Liebe Leser, ich gestehe es Ihnen gerne: ich mag es, wenn Museen oder sonstige Veranstaltungsorte einen hübschen Rahmen haben. Und es gibt wohl keinen hübscheren Rahmen als das Paulikloster in Brandenburg an der Havel, um auf einen Museumsbesuch einzustimmen. 

„130.000 Jahre Kulturgeschichte“ will uns das archäologische Landesmuseum Brandenburg präsentieren. Wann immer irgendetwas „ausgegraben“ wird im Lande, sei es bei Bauarbeiten oder sonstigen Erdbewegungen, will das Museum uns klarmachen, was dort gefunden wurde und wie das in die Geschichte der Region eingeordnet werden kann. Ich gestehe, das klingt beim ersten Hinhören sicher nicht sehr spannend. Man muss sicher ein echter „Geschichts-Freak“ wie ich sein, um das zu würdigen.

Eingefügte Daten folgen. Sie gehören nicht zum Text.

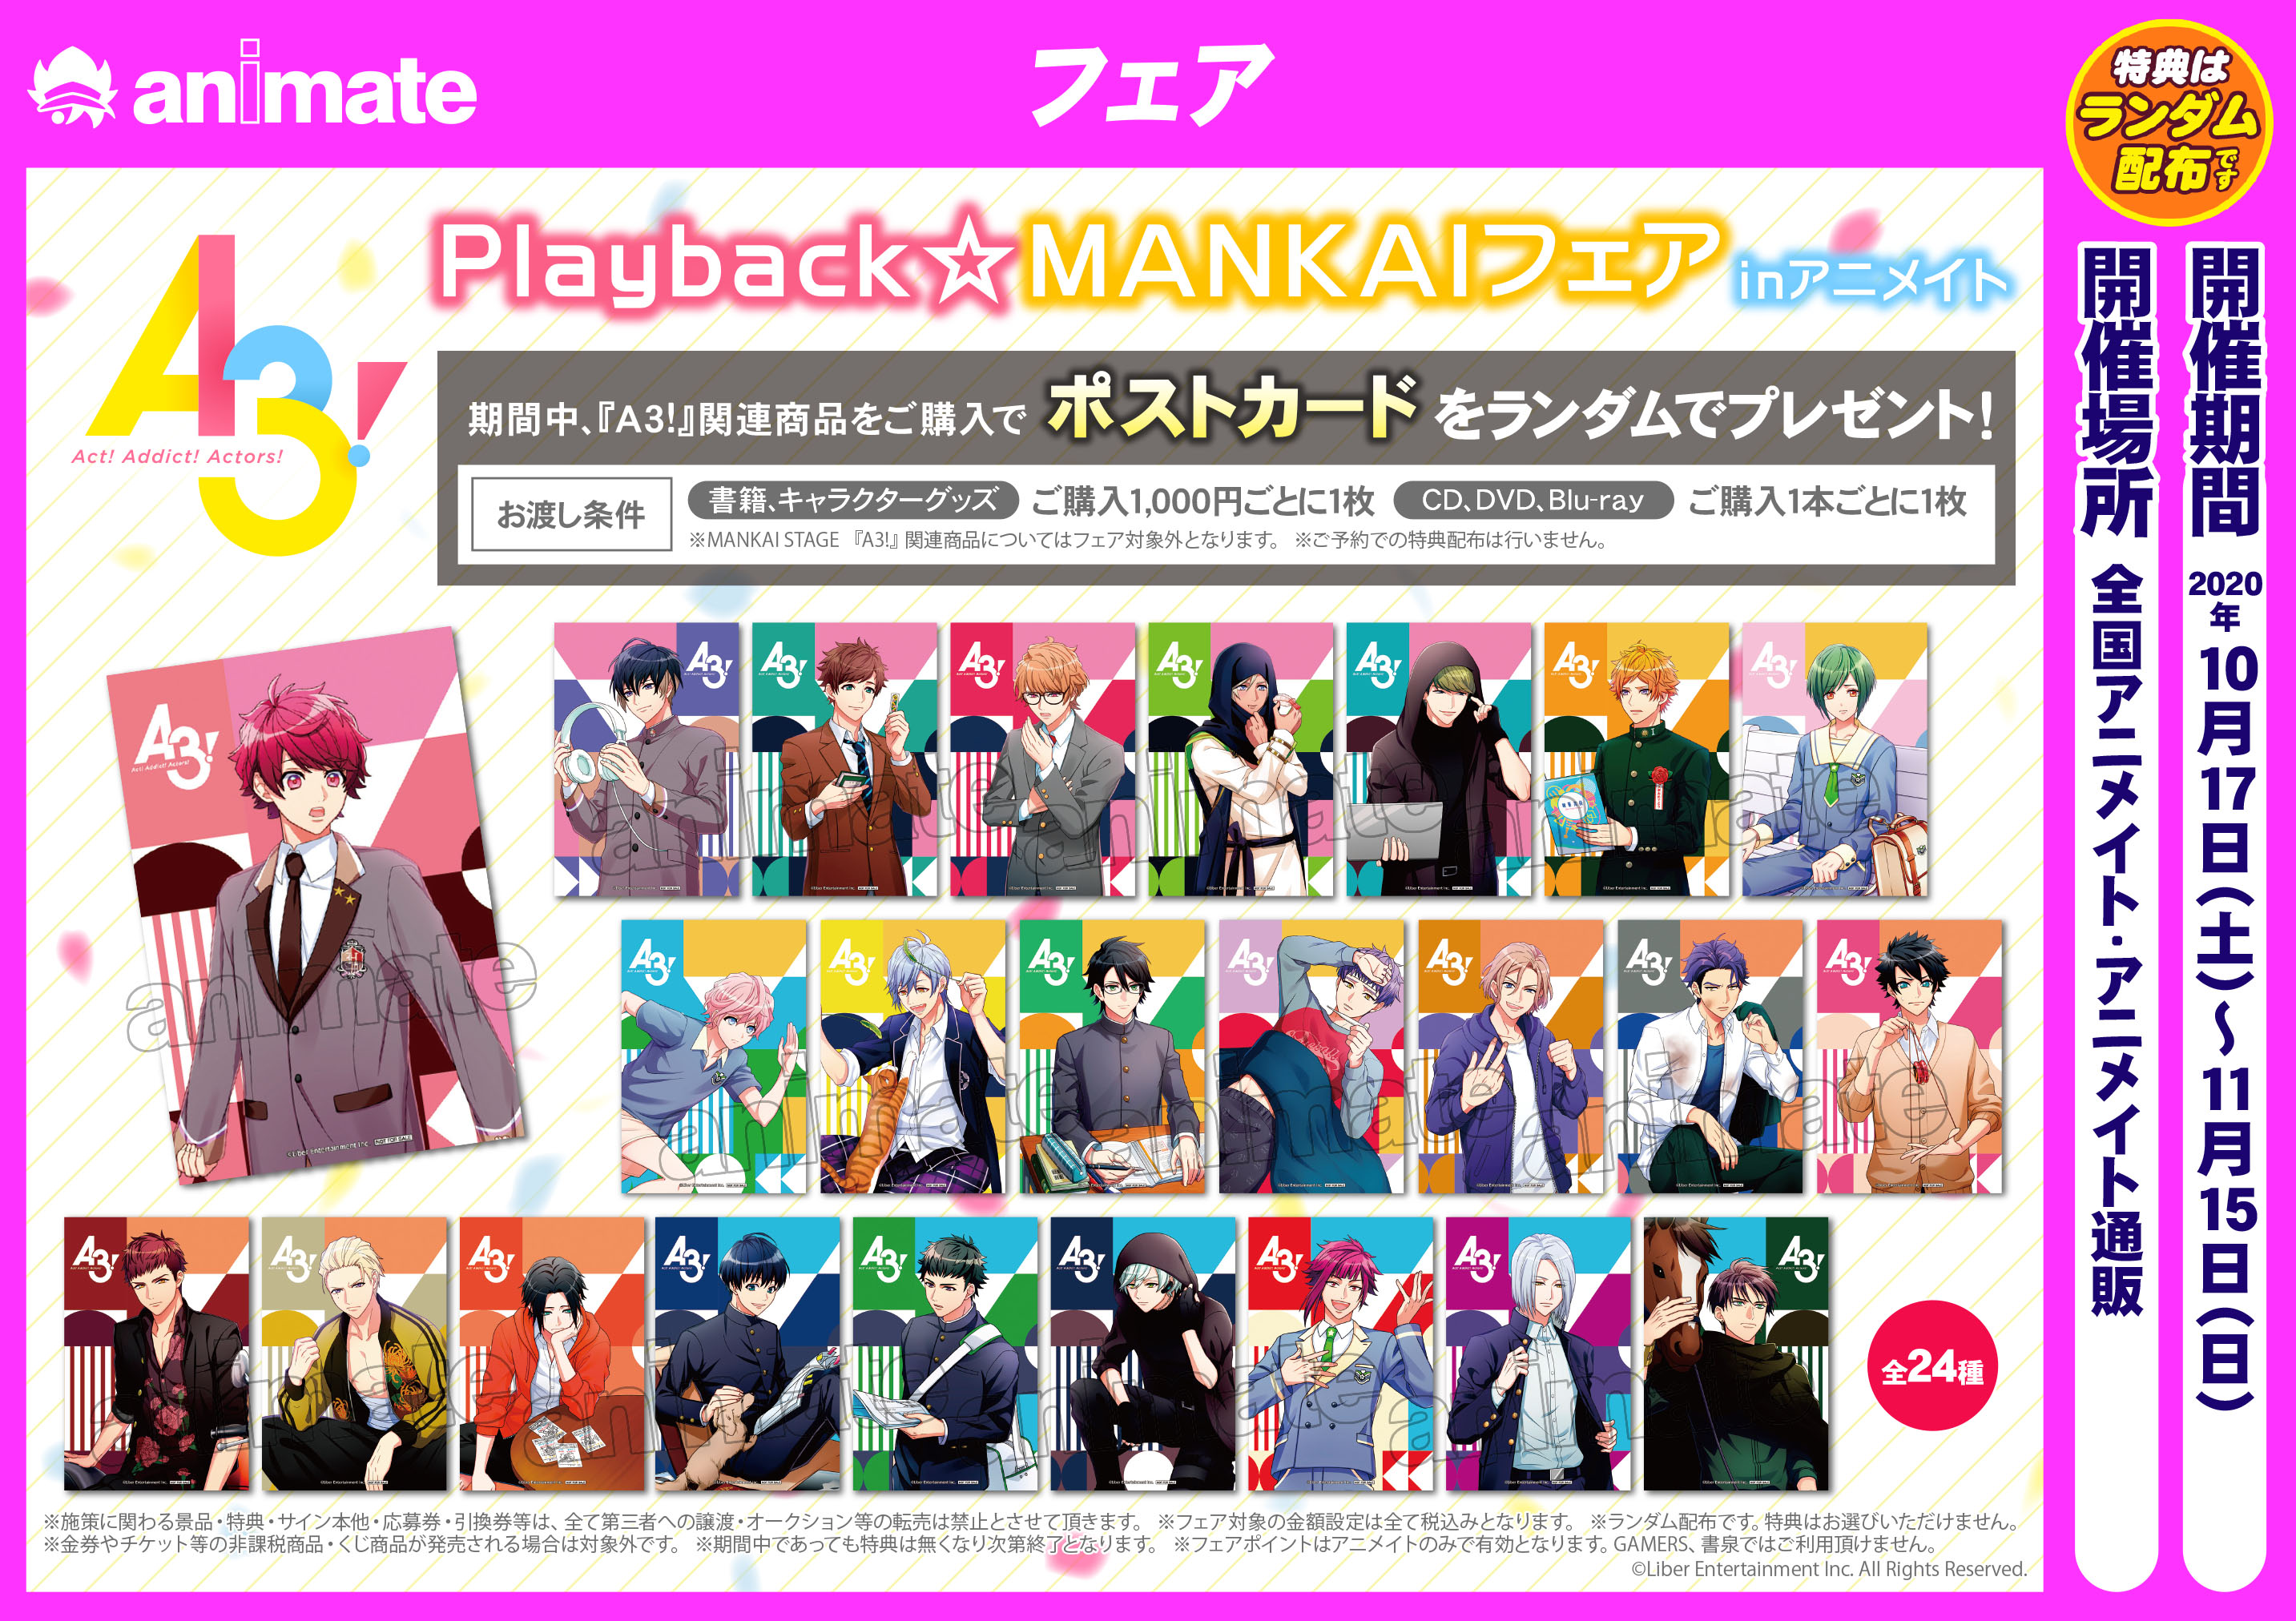 A3!』Playback☆MANKAIフェア inアニメイト 開催中！！ - アニメイト大宮

Aber weit gefehlt. Diverse museumspädagogische Dienste in der Region Berlin-Brandenburg machen es immer wieder deutlich: unsere Geschichte war, ist und bleibt spannend. Man muss nur einen Bezug zur Gegenwart herstellen können und/oder spannende Geschichten von früher zu erzählen wissen ! 🙂 Sie dürfen dreimal raten, worauf ich mich spezialisiere. Aber zurück ins Museum: alleine der Standort ist schon faszinierend.

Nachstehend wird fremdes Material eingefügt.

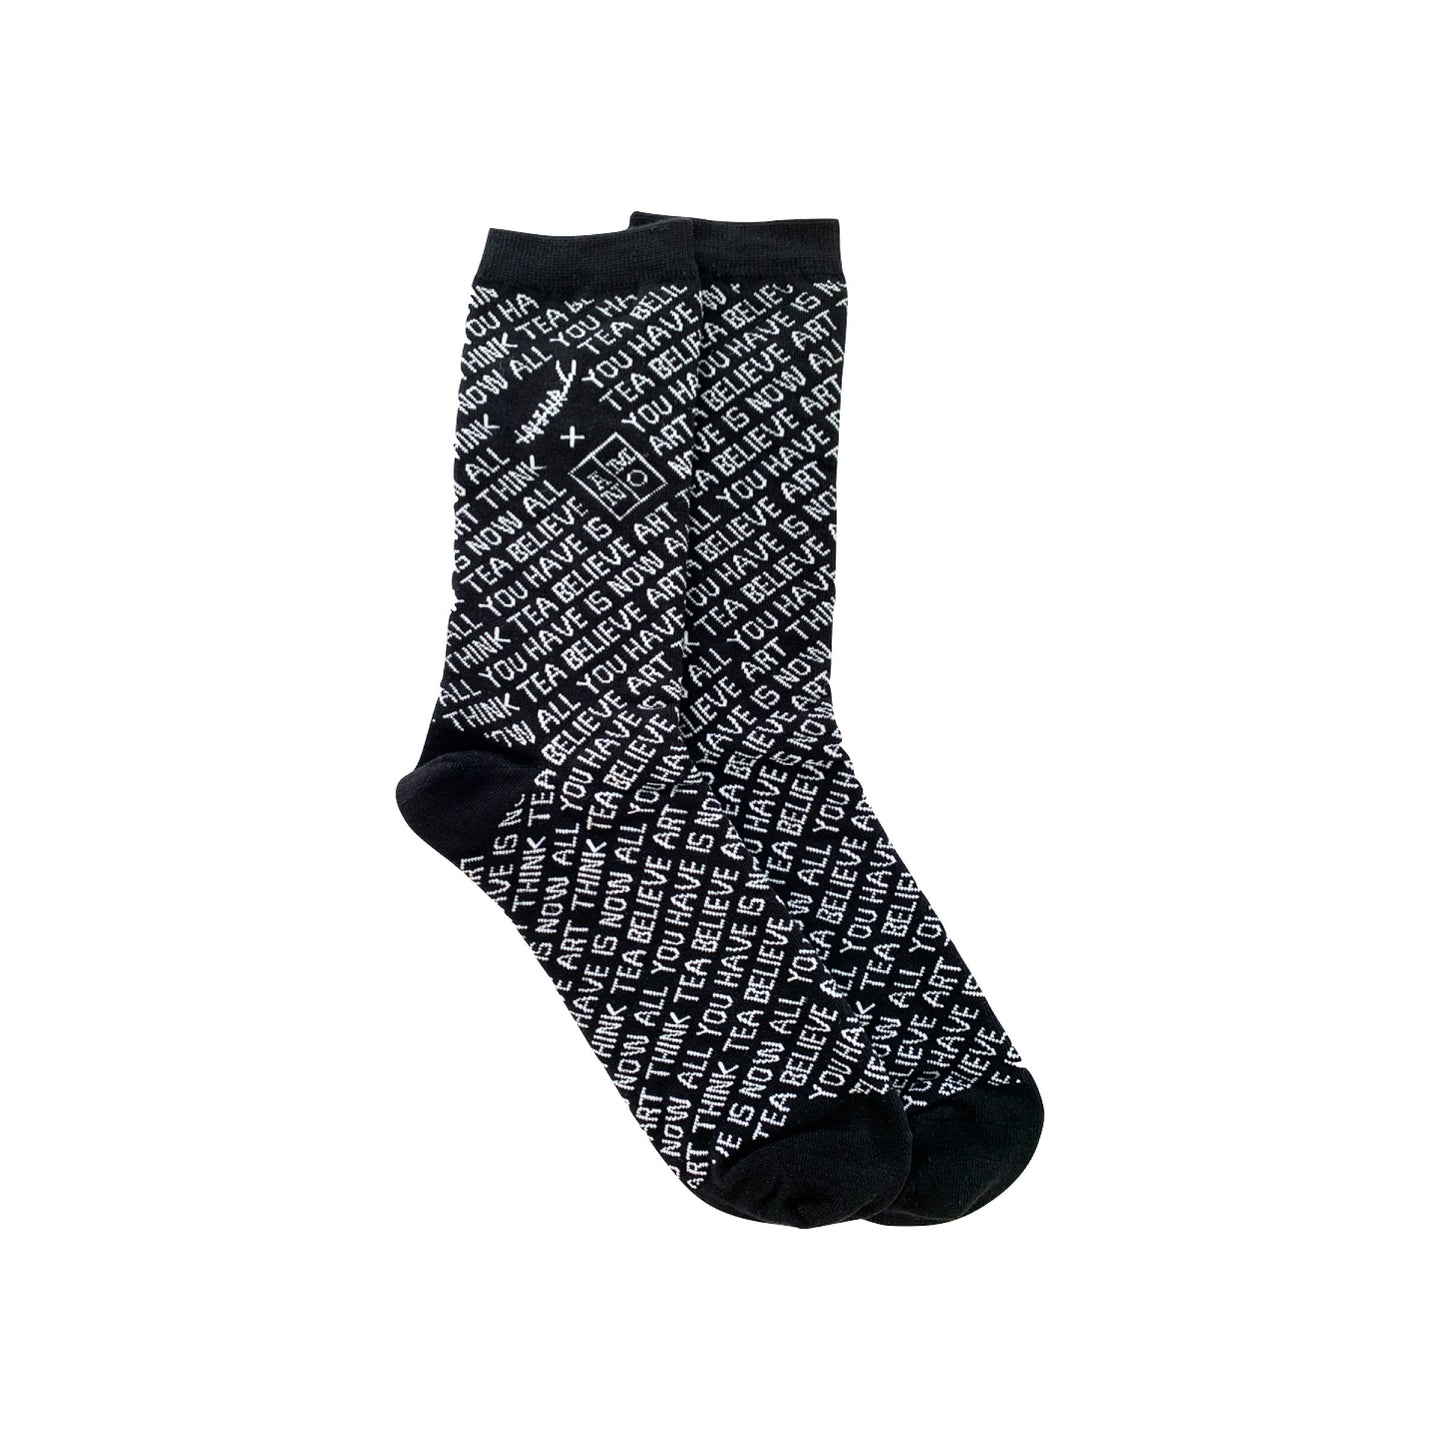 The INJURY x ANMO socks black

Das ehemalige Kloster St. Pauli in Brandenburg an der Havel gibt den denkbar interessantesten Rahmen für einen Ort der Kultur ab. Wer hier heute vorüberschlendert, wird wohl kaum daran denken, dass hier am Rande der von ihnen selbst geplanten „Neustadt“ Brandenburgs, einst die Markgrafen aus dem Haus Askanien wohnten (ab 1196). Später schenkten sie das Gelände dem Dominikanerorden (1286). Keine Hundert Jahre später war das Kloster mitsamt Kirche fertig. Das ist sicher schneller, als der Flughafen BER…

Wie auch immer, die Spuren der Zeit gingen auch am Kloster nicht vorbei. Im Zweiten Weltkrieg ausgebrannt, verkamen die Ruinen in der DDR weiter. 1958 stürzten ganze Pfeiler ein. 2002 wurde dann der komplette Wiederaufbau beschlossen, bis Ende 2007 war dieser vollendet und seit 24. September 2008 findet sich hier das Museum wieder.

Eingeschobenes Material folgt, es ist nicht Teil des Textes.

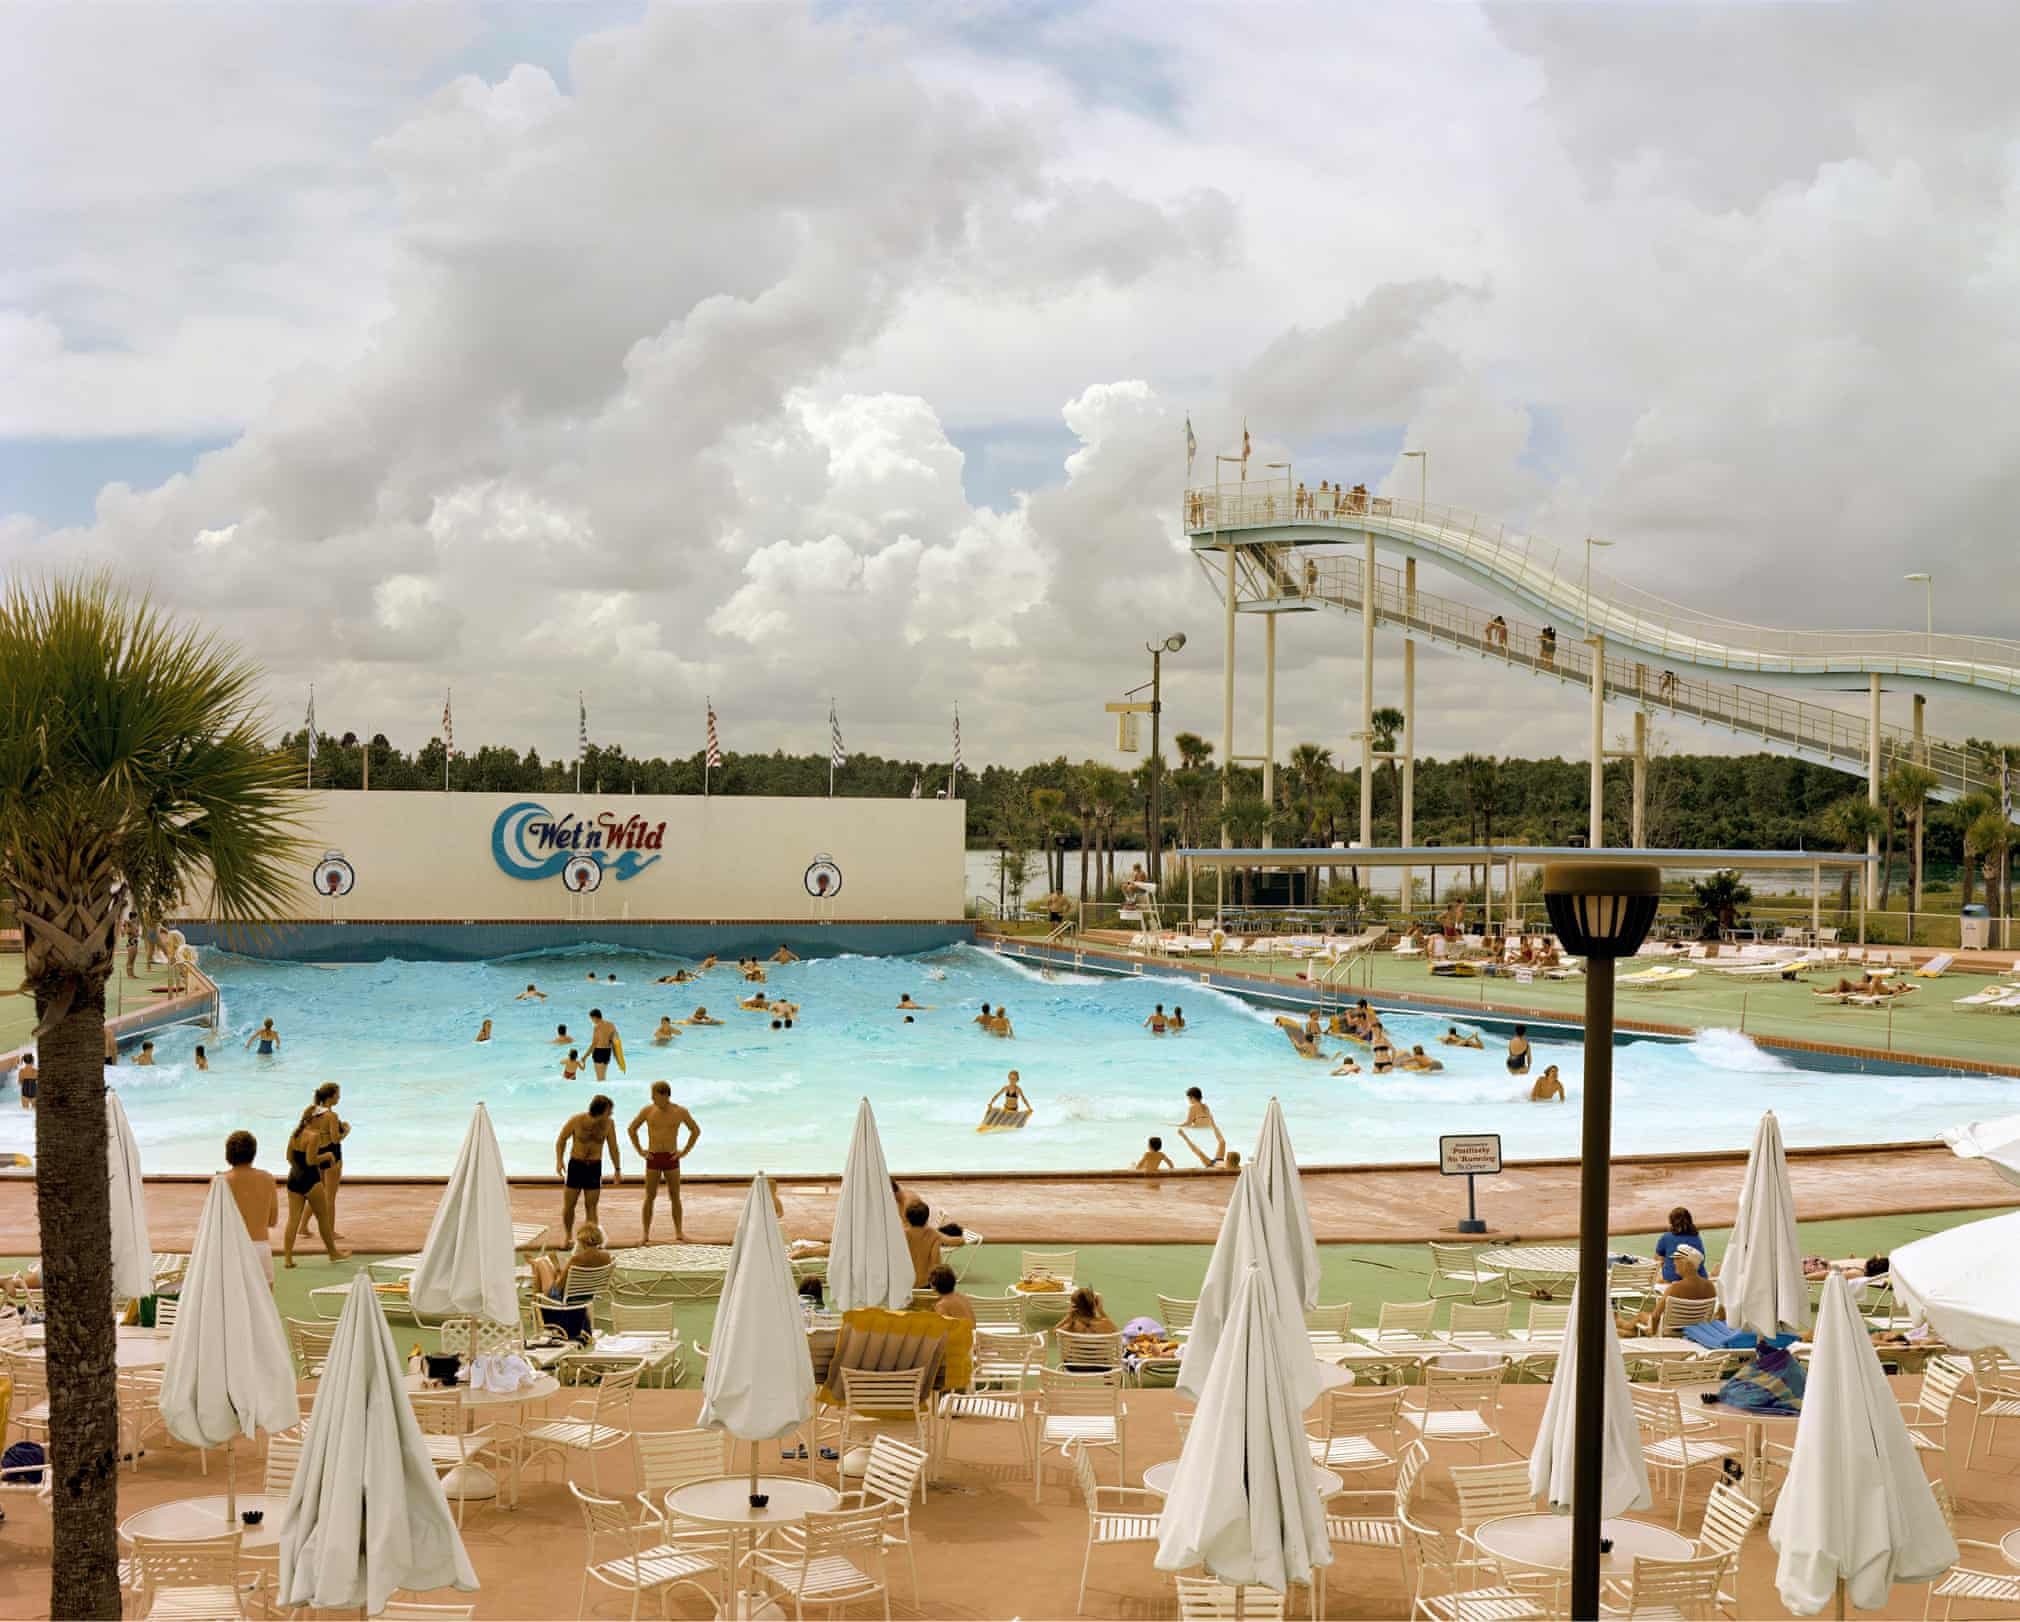 Wet’n’Wild Aquatic Theme Park, Orlando, Florida, September 1980

Gehen wir mal hinein. In der Dauerausstellung wird zwischen prähistorischer Zeit, Slawenzeit, Mittelalter und Neuzeit unterschieden. Sind es in den frühen Epochen noch Knochen und Steinwerkzeuge, die uns überliefert sind, so kommen später Haushaltsgeräte und Münzen hinzu. Interessant ist dabei, dass sich aus der Slawenzeit Münzen aus der weiteren Umgebung, also auch „sächsische Pfennige“ fanden, was darauf hinweist, dass durch Brandenburg tatsächlich seit dem Frühmittelalter überregionale Handelsrouten verliefen. Wie sich diese wohl entwickelt haben ? Oder wie interpretieren wir den Mädchenschädel aus dem 5. Jahrhundert, der offensichtlich den Hunnen zugeordnet werden kann und damit ein Zeichen der Völkerwanderung ist ? Fragen über Fragen.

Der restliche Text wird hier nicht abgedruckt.